B E B O [1]

comte (en Thurgau/Zürichgau), mentionné en 741/747

Le signum Bebonis comitis figure après celui de la donatrice au bas de la charte du 19 novembre regnante Carlomanno duce [2] et Pebone comite [3], établie à Benken [4], par laquelle Beata donne au monastère situé sur l'île de Lützelau [5] divers biens et homines [6]. Lorsque Beata vend ces biens et d'autres situés in pago Durgaugense [7], in sito, qui dicitur Zurihgauua [8] au monastère de Saint-Gall, la charte datée du 09 novembre anno III regnante Hiltrihho rege sub Carlomanno maioredomo et Bebone comite établie aussi à Benken [9] porte de nouveau le signum Bebone comite [10].
Dans une liste de Nomina defunctorum qui presens coenobium sua largitate fundauerunt inscrite dans le Liber confraternitatum du monastère de Reichenau [11] avant novembre 824 [12] figure toute une série de noms de comtes, dont Erich [13], Bertrich [14], Pepo  et Petto [15].
Le 22 novembre d'une année indéterminée [16], Petto donne au monastère de Saint-Gall des terres et des serfs à Clata [17]; témoins de l'acte sont ses trois frères, le comte Airicus, le comte Bertericus ainsi que Pepo [18].

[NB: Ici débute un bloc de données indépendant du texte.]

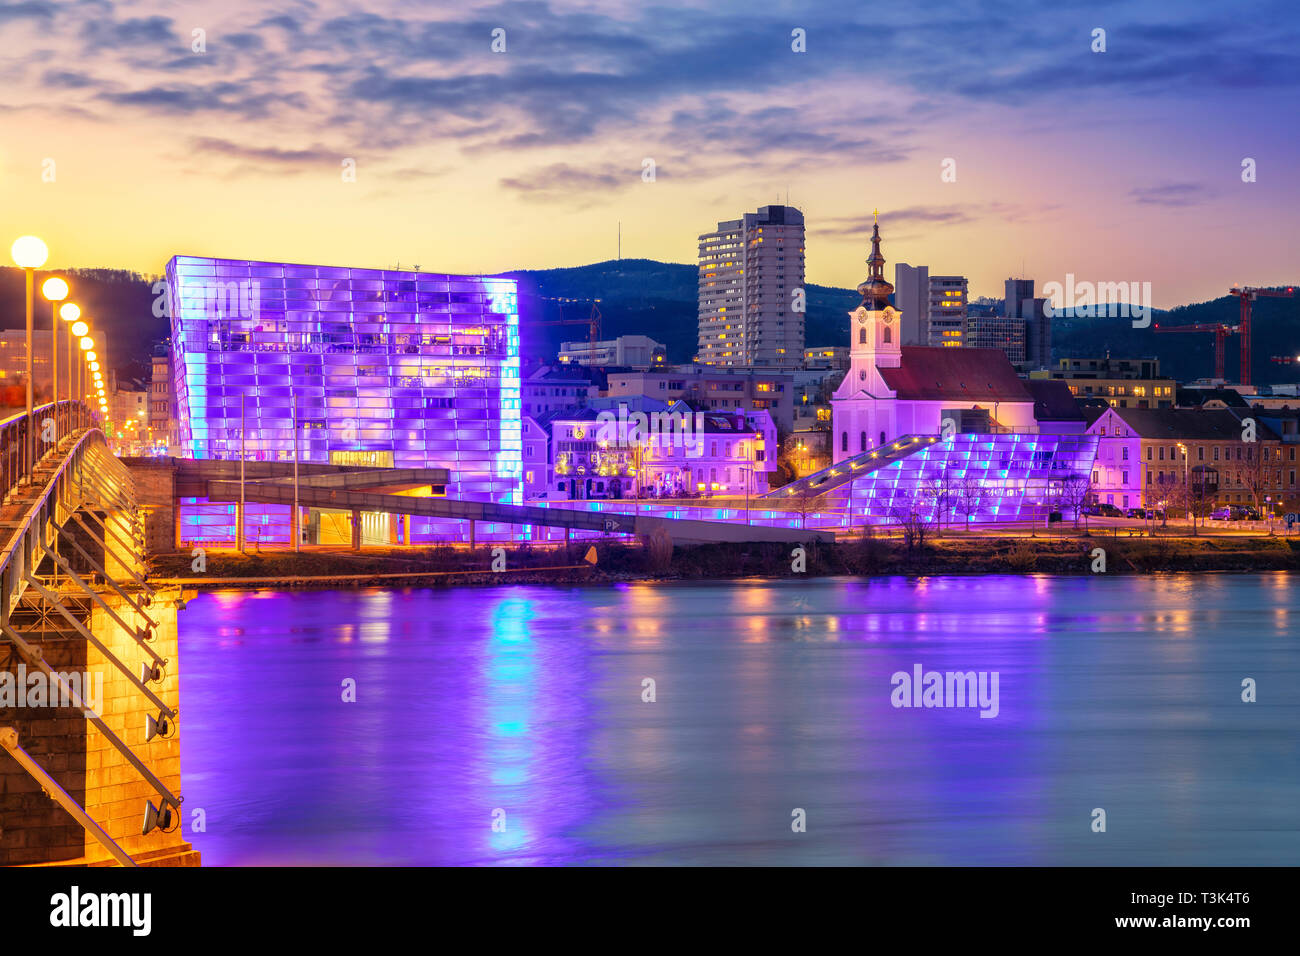 Linz, Austria. Cityscape image of riverside Linz, Austria during twilight blue hour with reflection of the city lights in Danube river. Stock Photo
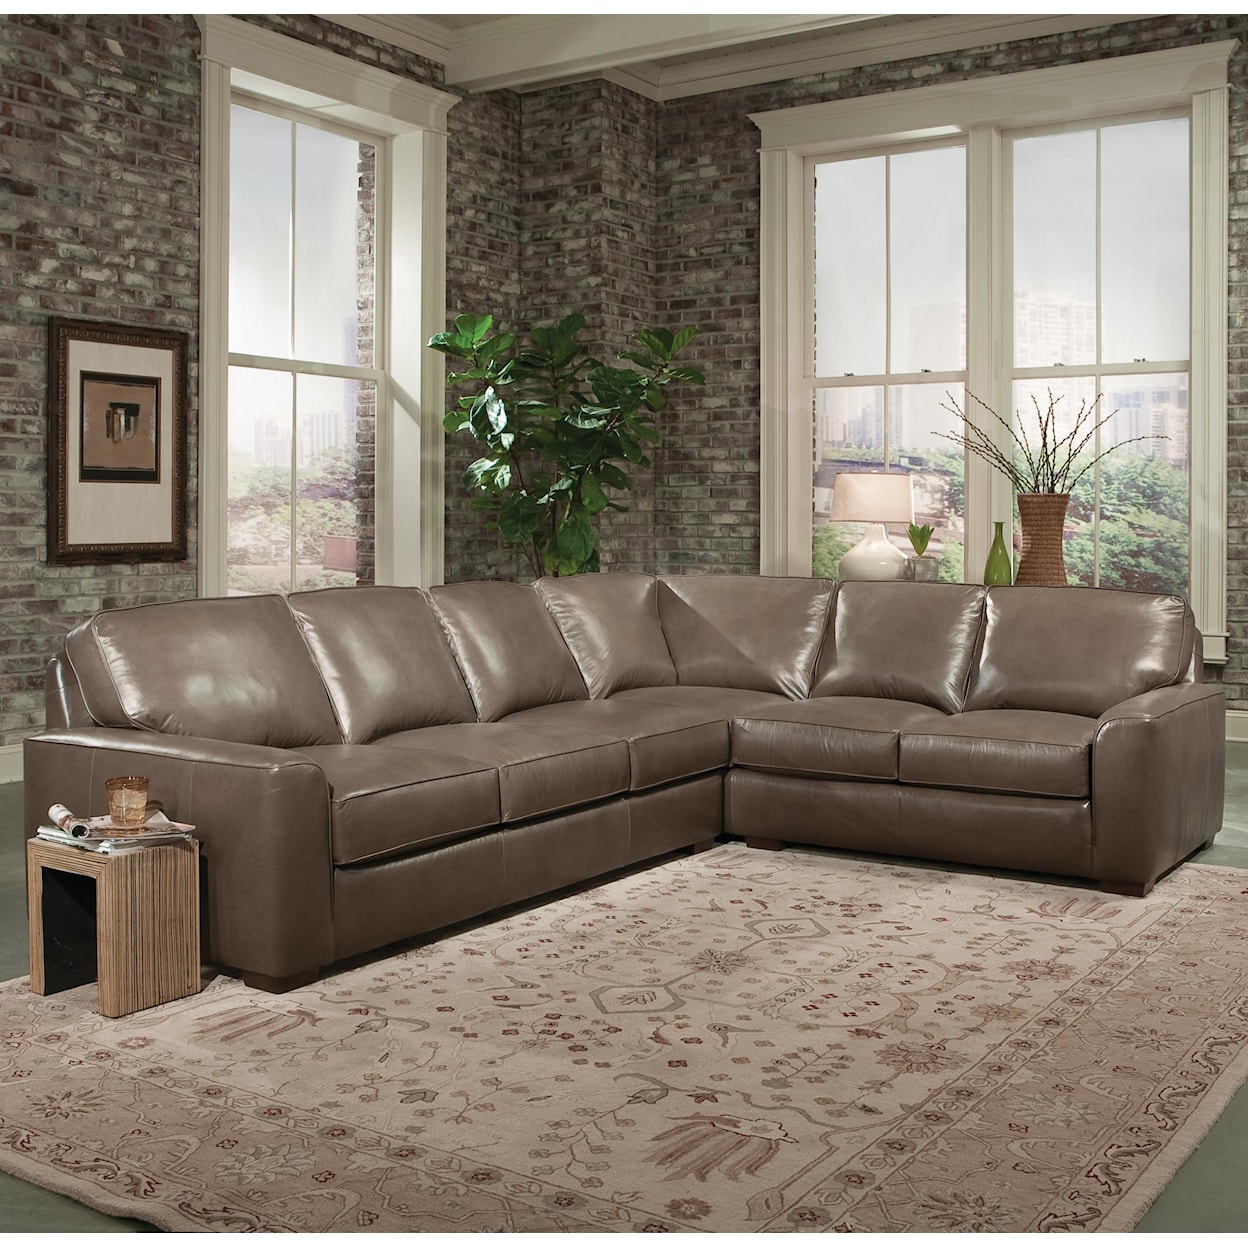 Smith Brothers Build Your Own (8000 Series) Sectional Sofa

[1] Variantes: Pebo, Pepo.
[2] Wartmann, Urkundenbuch, n° 7 p. 7-8. Cet acte est à placer sans aucun doute avant le suivant; Wartmann se décide pour 741, alors que Borgolte, Chronologische Studien, p. 140-143, préfère ne pas se prononcer et indique la fourchette 741/745 (ainsi que dans: Kommentar, p. 332).  
[3] Cette Grafenformel (cf. Borgolte, Geschichte, p. 40-71) dans la datation permet de supposer que Pebo exerçait la fonction comtale dans la région concernée par l'acte (Borgolte, Die Grafen, p. 191; voir infra n. 7-9).
[4] Babinchoua monasterio: Suisse, cant. St. Gallen, Bezirk Gaster.
[5] Ile du lac de Zürich supérieur.
[6] Cf. Schnyder, Die Gründung, p. 154-157.
[7] Thurgau, cf. Borgolte, Geschichte, p. 101 sqq.
[8] Zürichgau, cf. Borgolte, Geschichte, p. 78-81.
[9] Original. ChLA II n° 159 p. 101; Wartmann, Urkundenbuch, n° 10 p. 11-12. Copie: ChLA I n° 42 p. 42. La datation correspond normalement à l'année 744, mais Borgolte, Chronologische Studien, p. 140-143, la date de 743/746 (ainsi que le même dans Kommentar, p. 332-333), le terminus ante quem, mort d'Arnefridus, datée traditionnellement de 746, étant à pourvoir d'un point d'interrogation. Le maire du palais Carloman abdique en 747.
[10] La présence de Bebo parmi les témoins de ces deux actes pourrait laisser supposer un lien avec la famille de Beata (cf. Maurer, das Bistum, p. 42; Borgolte, Die Grafen, p. 192).
[11] MGH Libri memoriales et Necrologia, NS I, pag. CXV = MGH Piper p. 294 c. 465.
[12] MGH Libri memoriales et Necrologia, NS I, p. LXV-LXVIII; Rappmann/Zettler, Mönchsgemeinschaft, p. 42.
[13] Cf. Borgolte, Die Grafen, p. 113.
[14] Cf. Borgolte, Die Grafen, p. 83.
[15] Leur place dans la liste permet de les situer chronologiquement vers les années 30-40 du VIIIe siècle; en effet, ils sont inscrits après les noms de la famille ducale alamanne (cf. Jarnut, Untersuchungen, p. 7 sqq.). Pour Petto, cf. Borgolte, Die Grafen, p. 193-194.
[16] Original. ChLA II n° 161 p. 105; Wartmann, Urkundenbuch, n° 6 p. 6-7. L'année n'est pas indiquée, mais la date du jour, un jeudi 22 novembre, ne correspond qu'aux années 731, 736, 742, etc. (cf. Borgolte, Kommentar, p. 332 n. 6).
[17] Différentes propositions ont été faites (cf. Borgolte, Kommentar, p. 332 n. 6).
[18] Sans aucun doute les mêmes personnages que ceux inscrits dans le Liber confraternitatum. Le fait que Pepo n'y porte pas de titre peut laisser supposer qu'à cette époque il n'exerçait pas encore la fonction comtale, hypothèse qui permettrait de cerner un peu mieux la date de la charte (cf. Borgolte, Die Grafen, p. 191-192).